Conservatives buoyed by economic outlook

Federal Conservatives say the prospects of an election seem to be just about as damp as eastern Canada’s soggy summer.

Christian Paradis (right)

OTTAWA — Federal Conservatives say the prospects of an election seem to be just about as damp as eastern Canada’s soggy summer.

Cabinet ministers, MPs and candidates from across the country are attending two days’ of election training at a downtown hotel, overlapping a couple days of caucus meetings.

But many said they aren’t convinced they’ll be out campaigning this fall, given the brighter prospects for the economy.

Bank of Canada Governor Mark Carney said last week that Canada is probably already out of a recession and is on a slow road to recovery.

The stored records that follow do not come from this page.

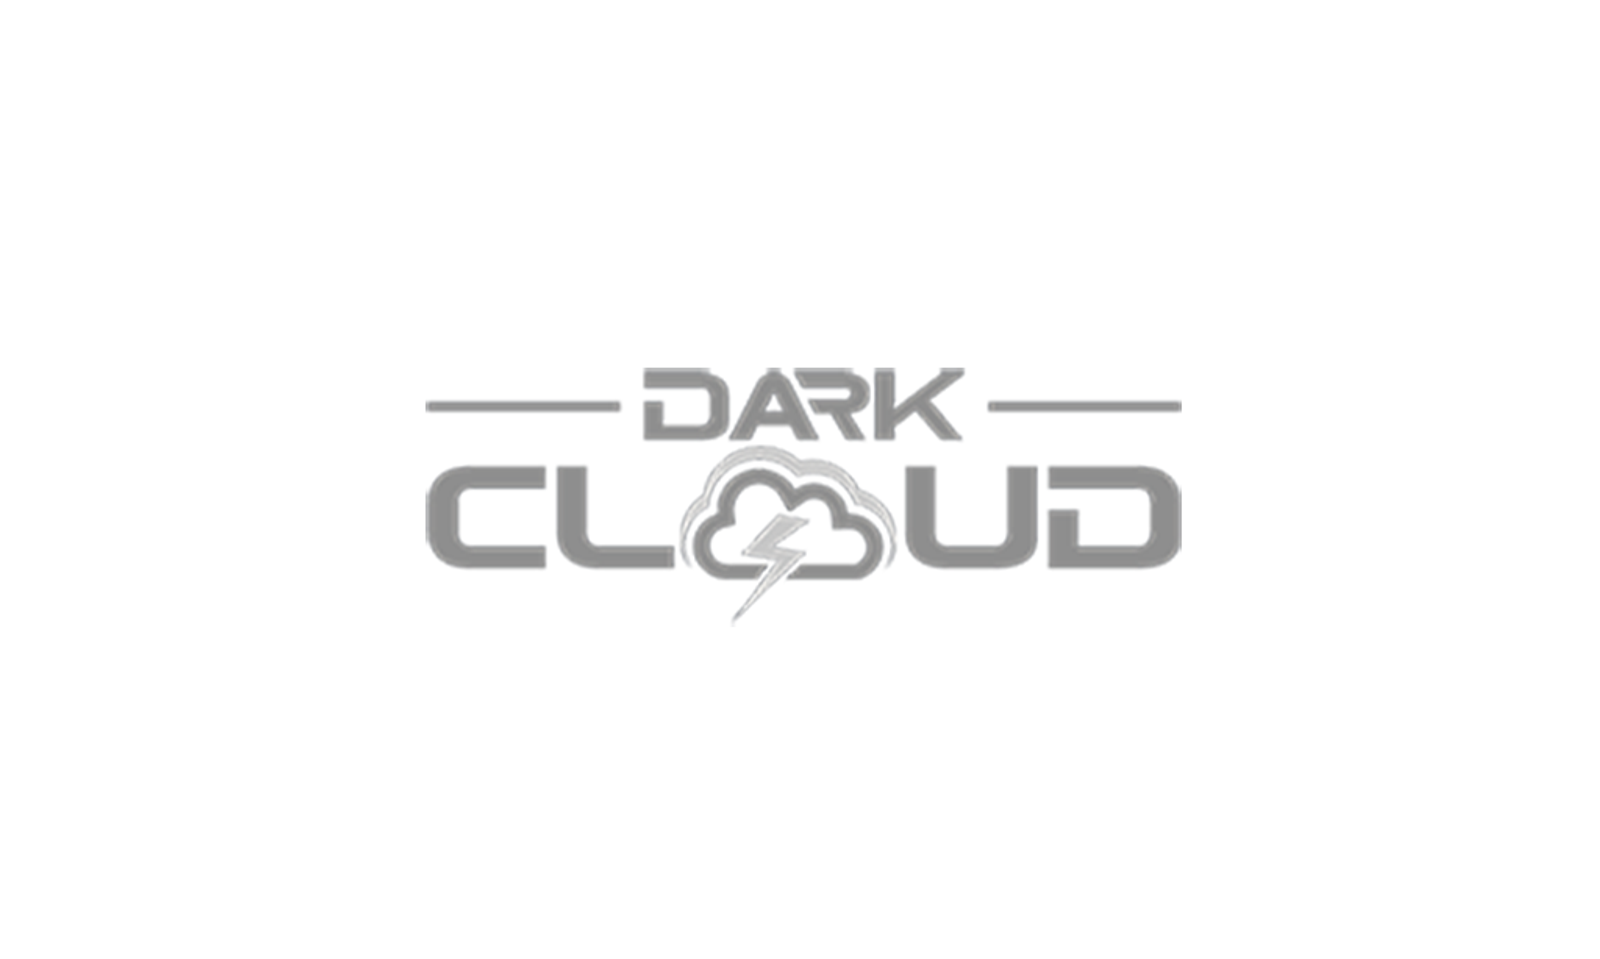 Dark Cloud Offering Replacement for Adult Content On Tumblr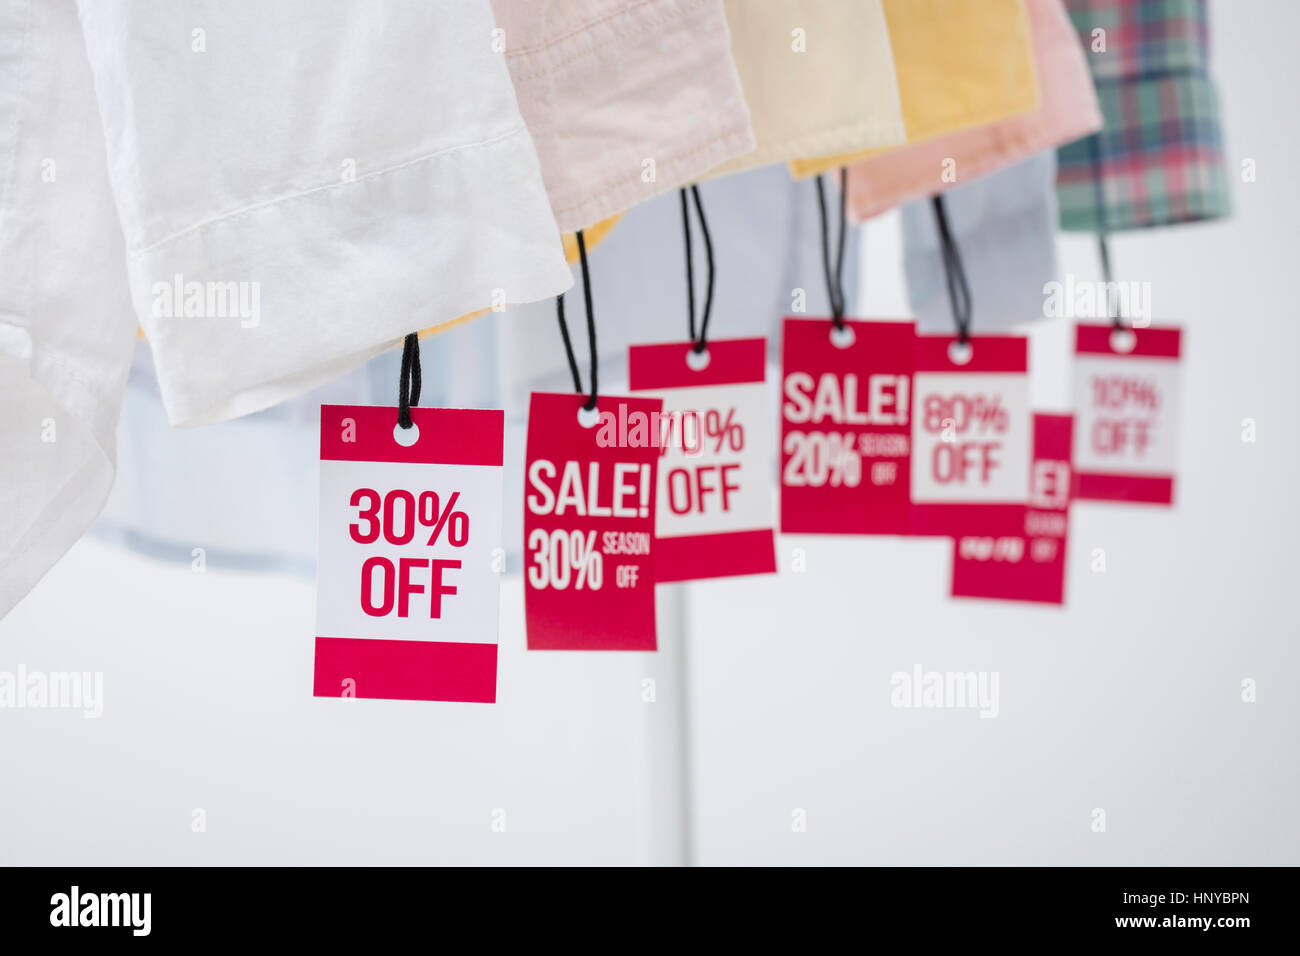 Black friday event in november, clothing store holding exclusive clearance  items offers with discounted clothes from various brands. Seasonal sales  marketing campaign with neon sign banners. 31408028 Stock Photo at Vecteezy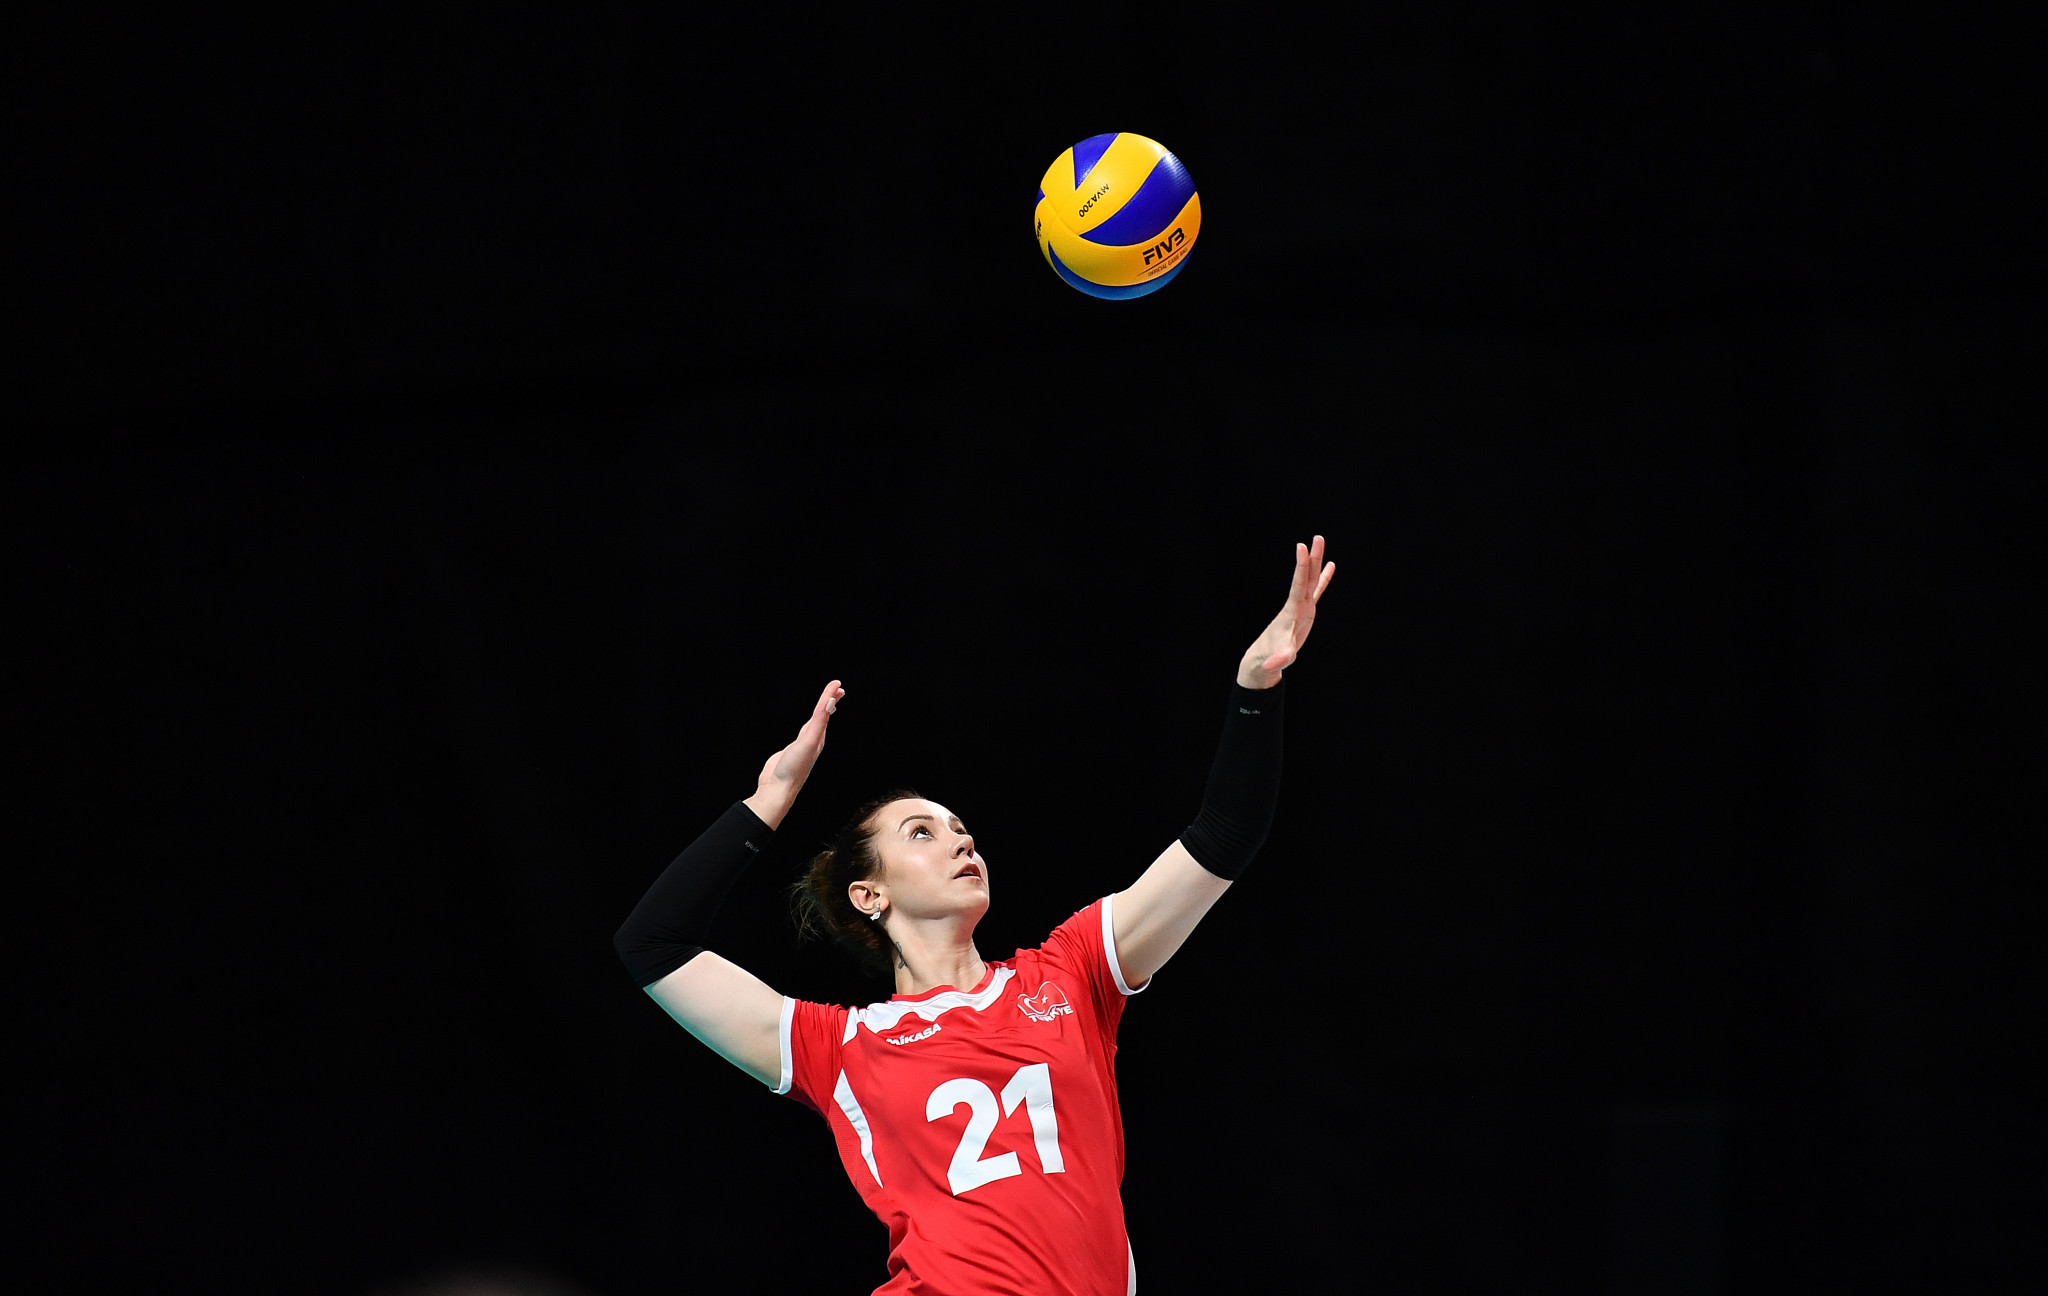 Turkey were impressive in dismantling reigning champions United States at the FIVB Volleyball Women's Nations League ©Getty Images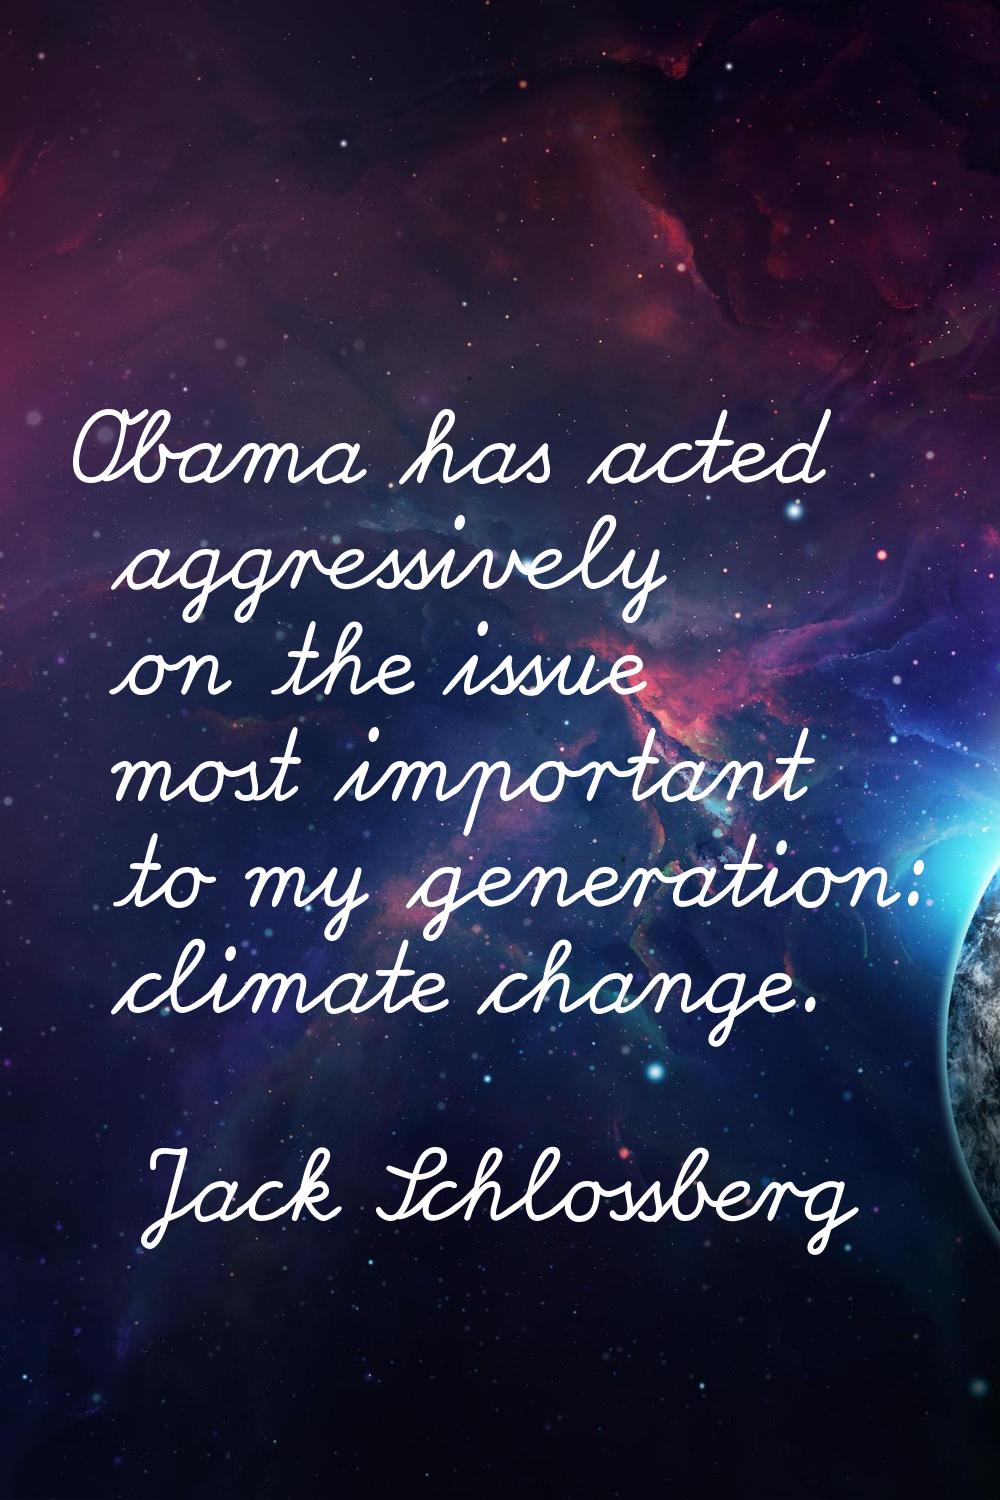 Obama has acted aggressively on the issue most important to my generation: climate change.

Canada’s books are also looking better when compared with other G8 nations.

At the same time, Harper seems to have weathered the worst of the recession without losing much ground in the polls.

“By and large, I would say things are pretty positive compared to what we might have been expected. We’re not out of it yet, but positive signs for sure,” said Gary Lunn, minister of state for sport.

“There’s an expectation that if we could be into an election, the earliest it could be is a year from now, in the fall of 2010. There’s lots of people saying that.”

British Columbia colleague John Cummins calls it “muted optimism.”

He said there are still concerns in his province that the recession might linger because of difficulties in the forestry sector and other areas.

Still, he said Prime Minister Stephen Harper’s economic record will make it difficult for the opposition to pull the trigger.

“Canadians realize that Mr. Harper did handle these issues very well, and his handling of it is really beyond criticism,” said Cummins.